═══ Material provided ═══
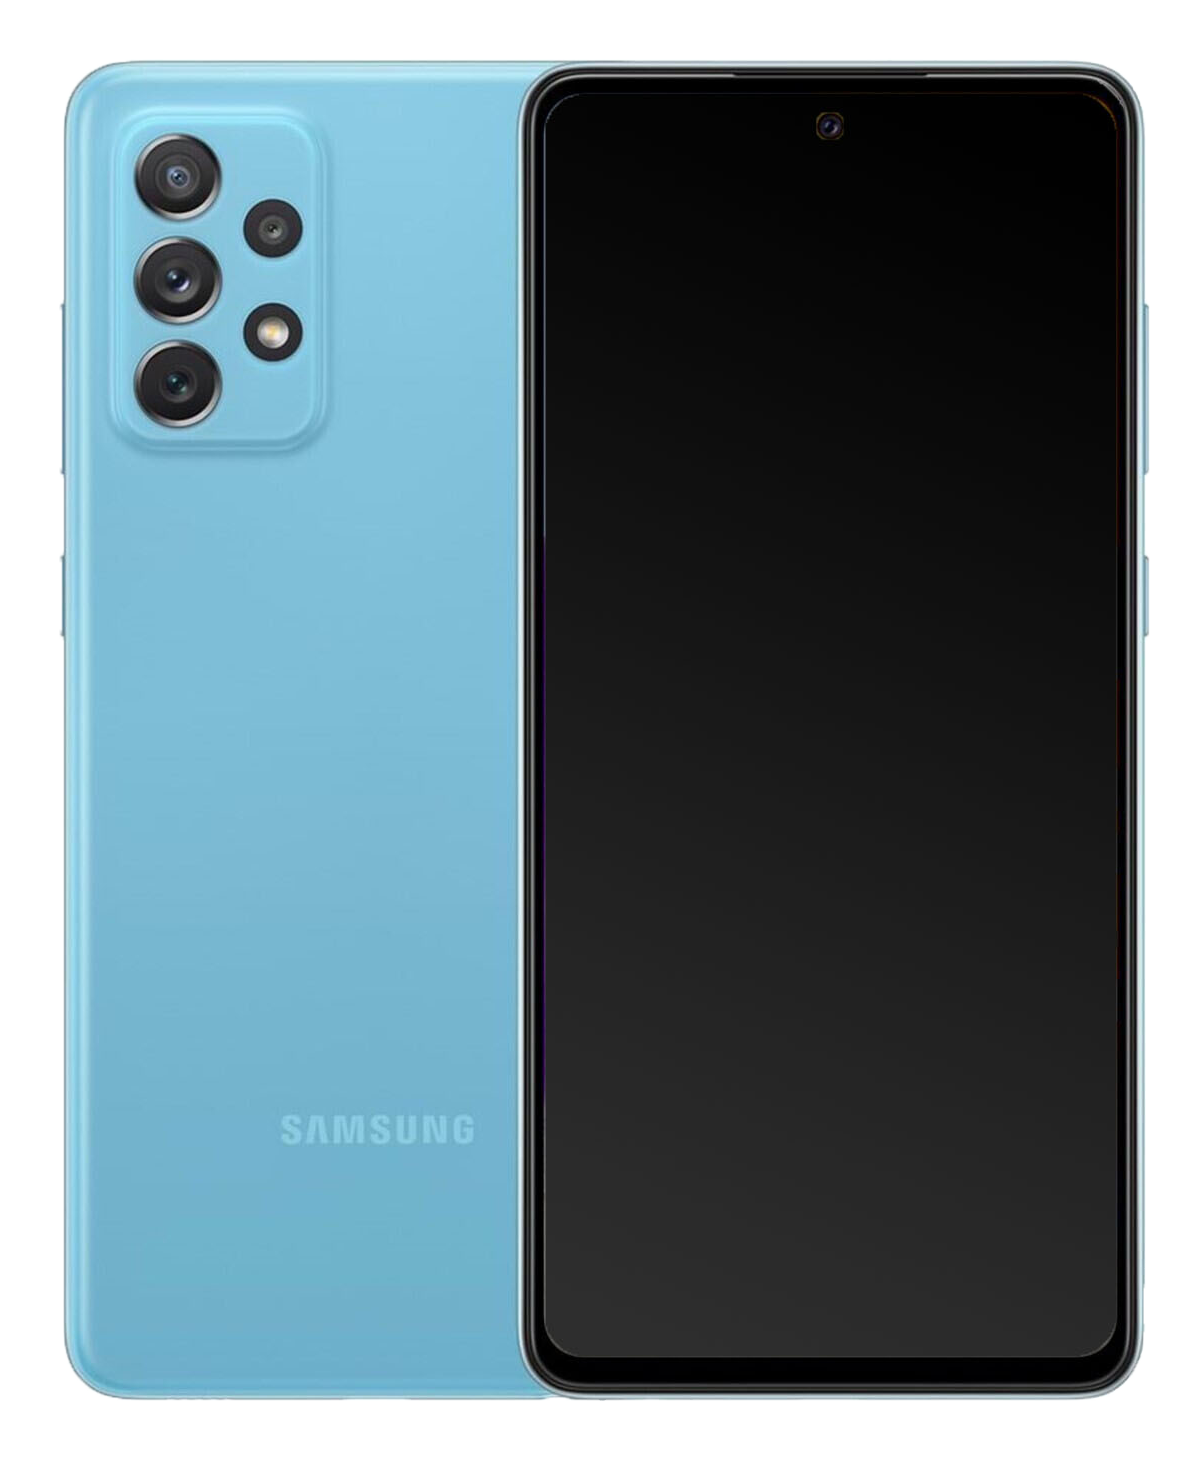 Galaxy A72 dual SIM
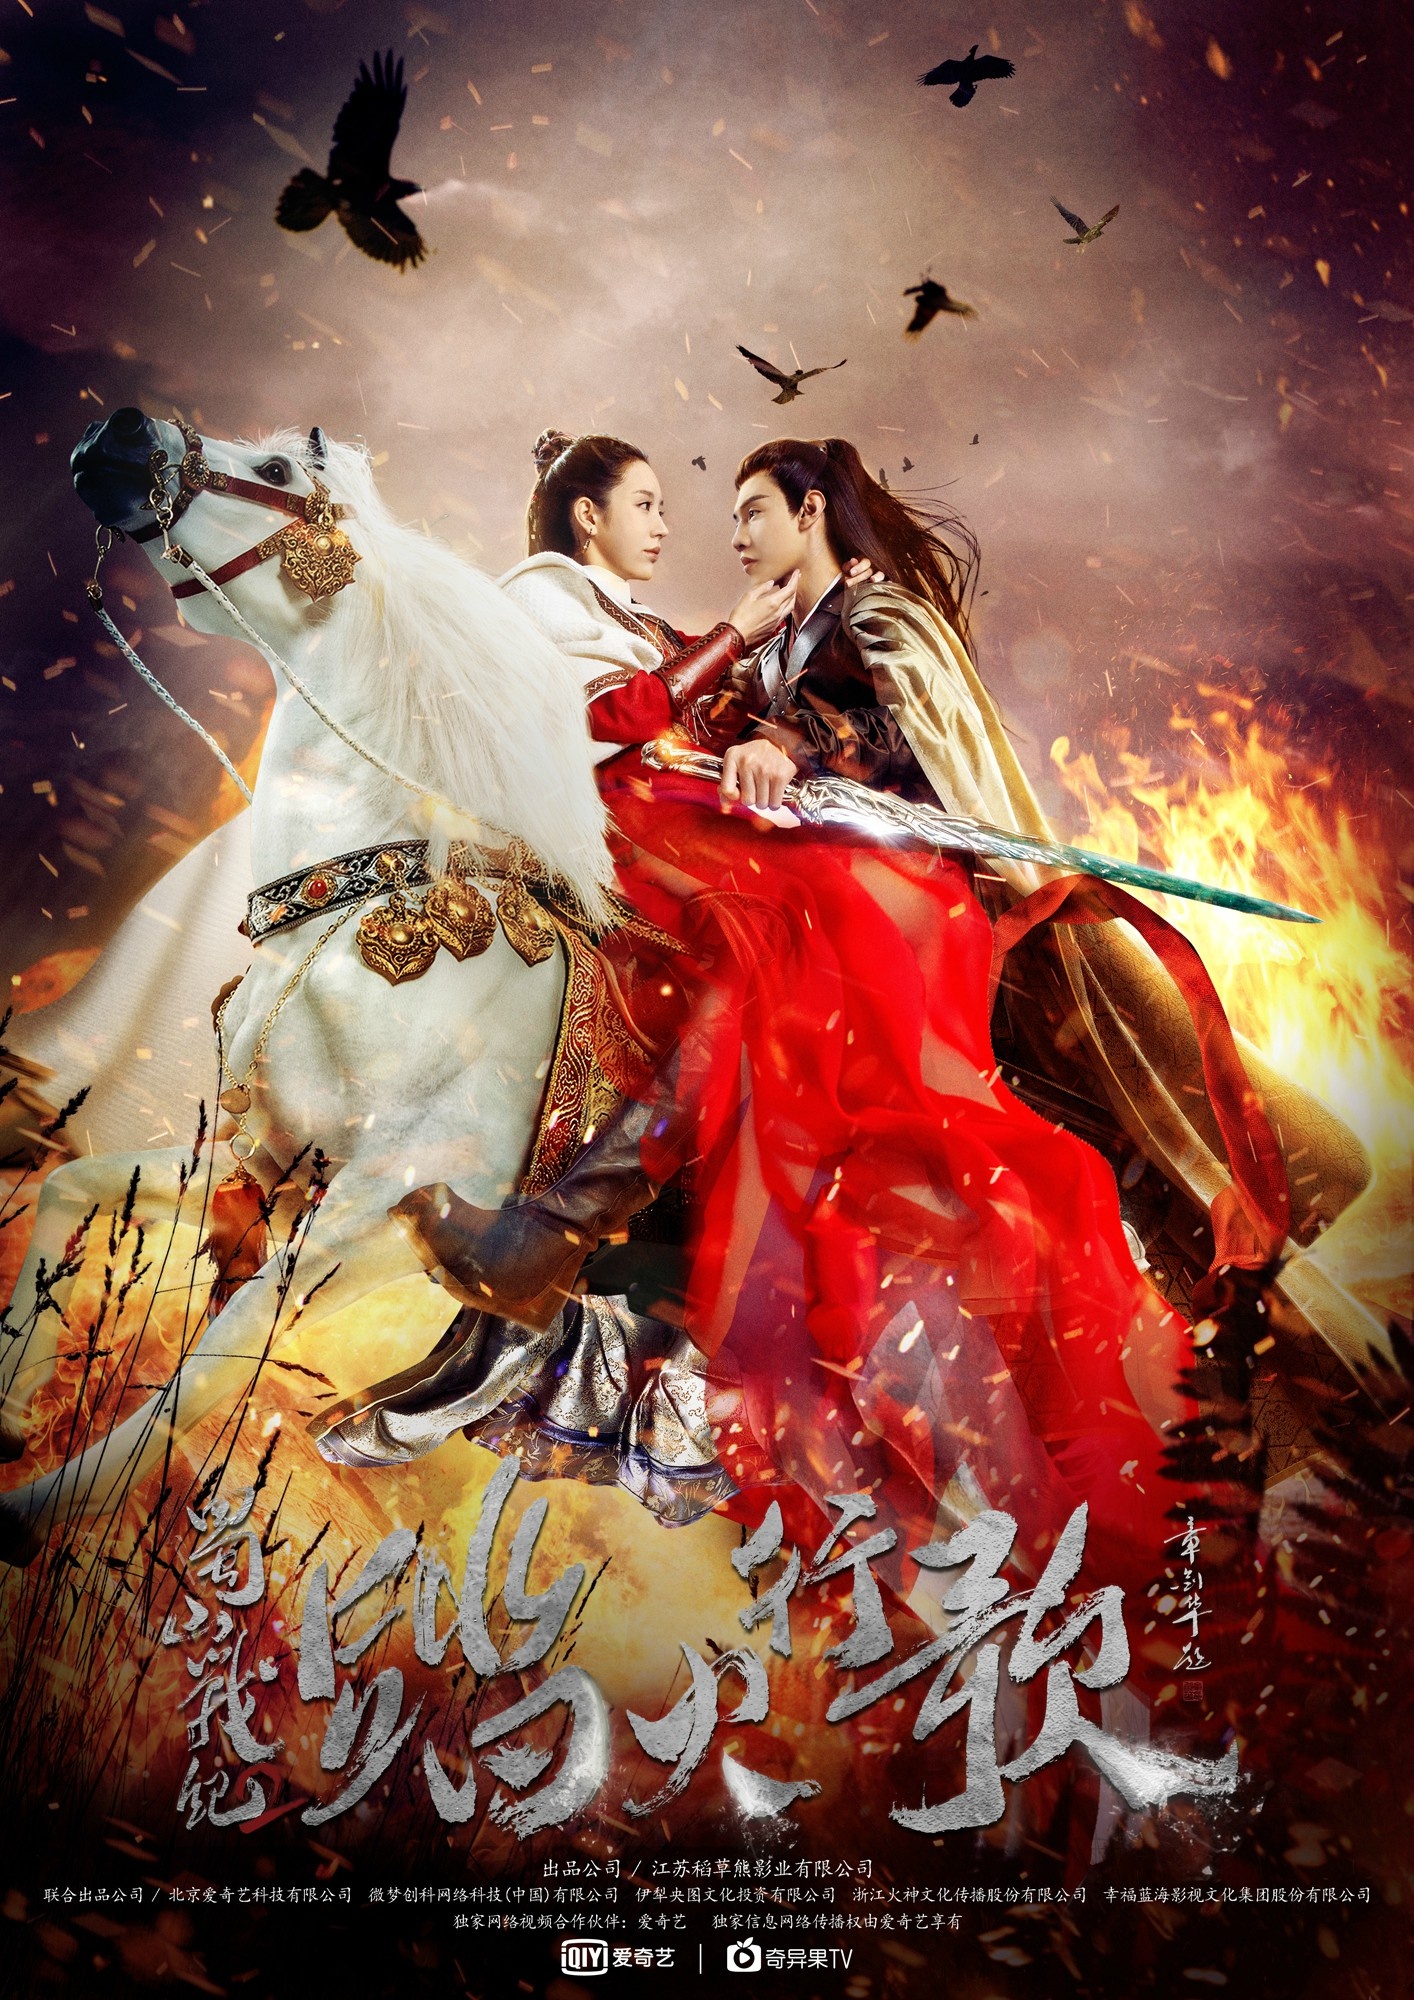 китайские фильмы дорамы фантастика исторические фото 49
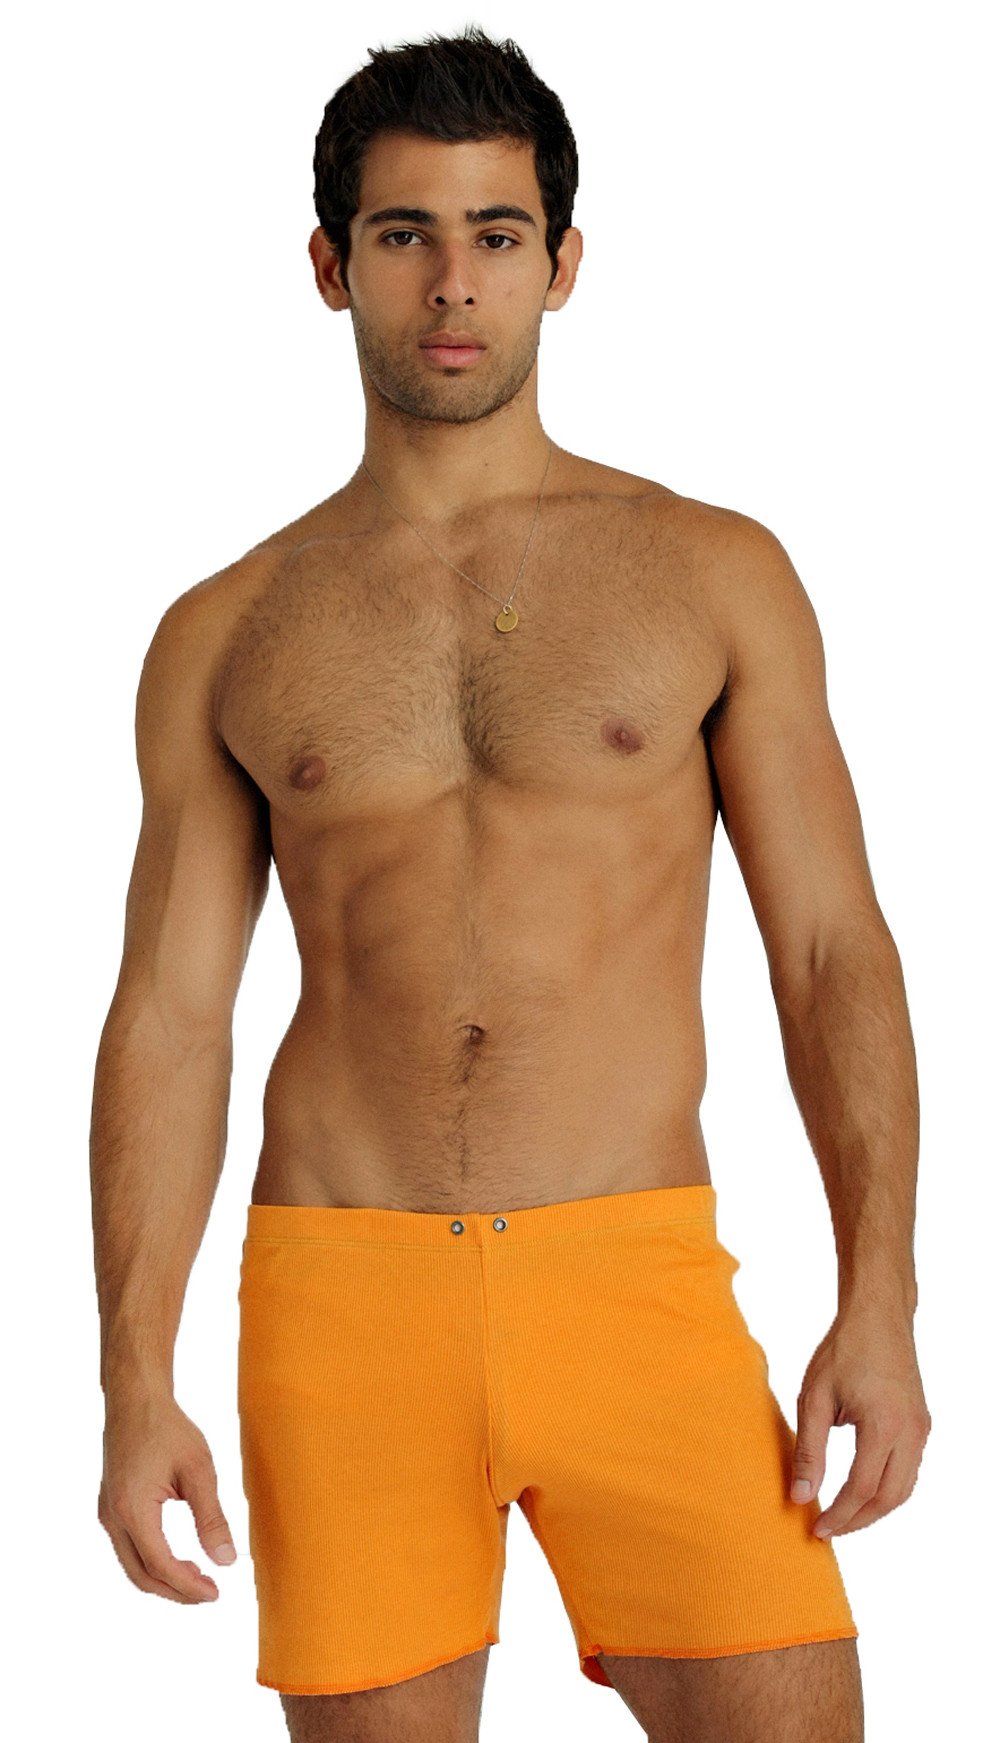 orange hot pants shorts
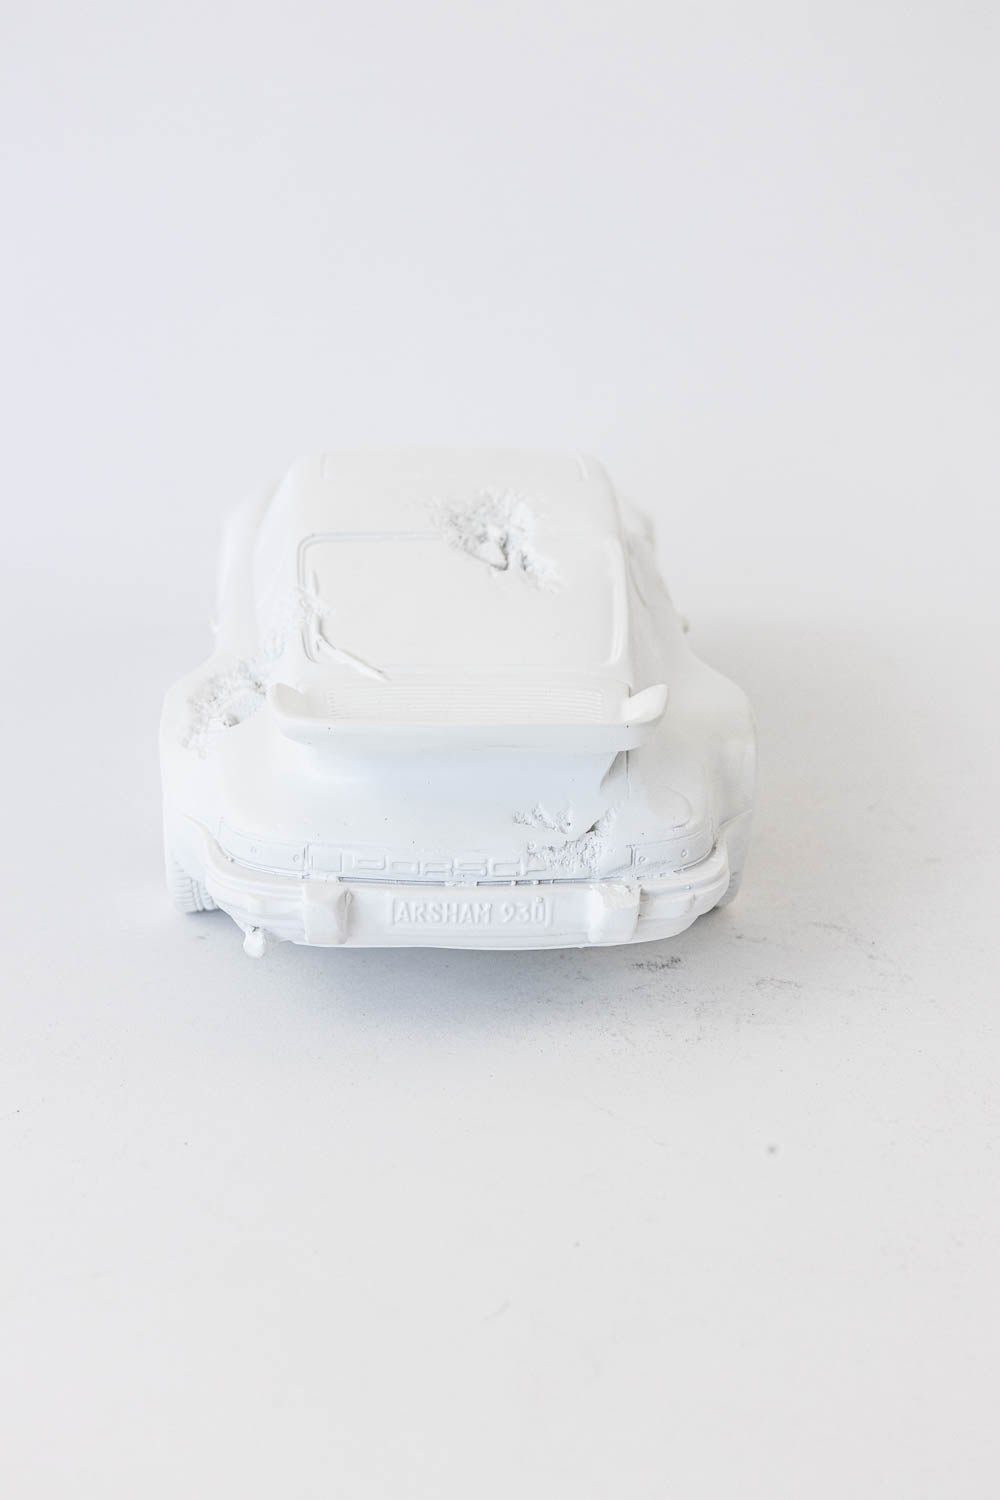 Daniel Arsham Eroded 911 Turbo Figure (Edition of 500) White "Damage - No Box"
═══
◆ Action item ◆
Reproduce the listing exactly. The pictures are to be omitted.

◆ Response to the exercise ◆
 Galaxy A72 dual SIM
 китайские фильмы дорамы фантастика исторические фото 49
 orange hot pants shorts
 Daniel Arsham Eroded 911 Turbo Figure (Edition of 500) White "Damage - No Box"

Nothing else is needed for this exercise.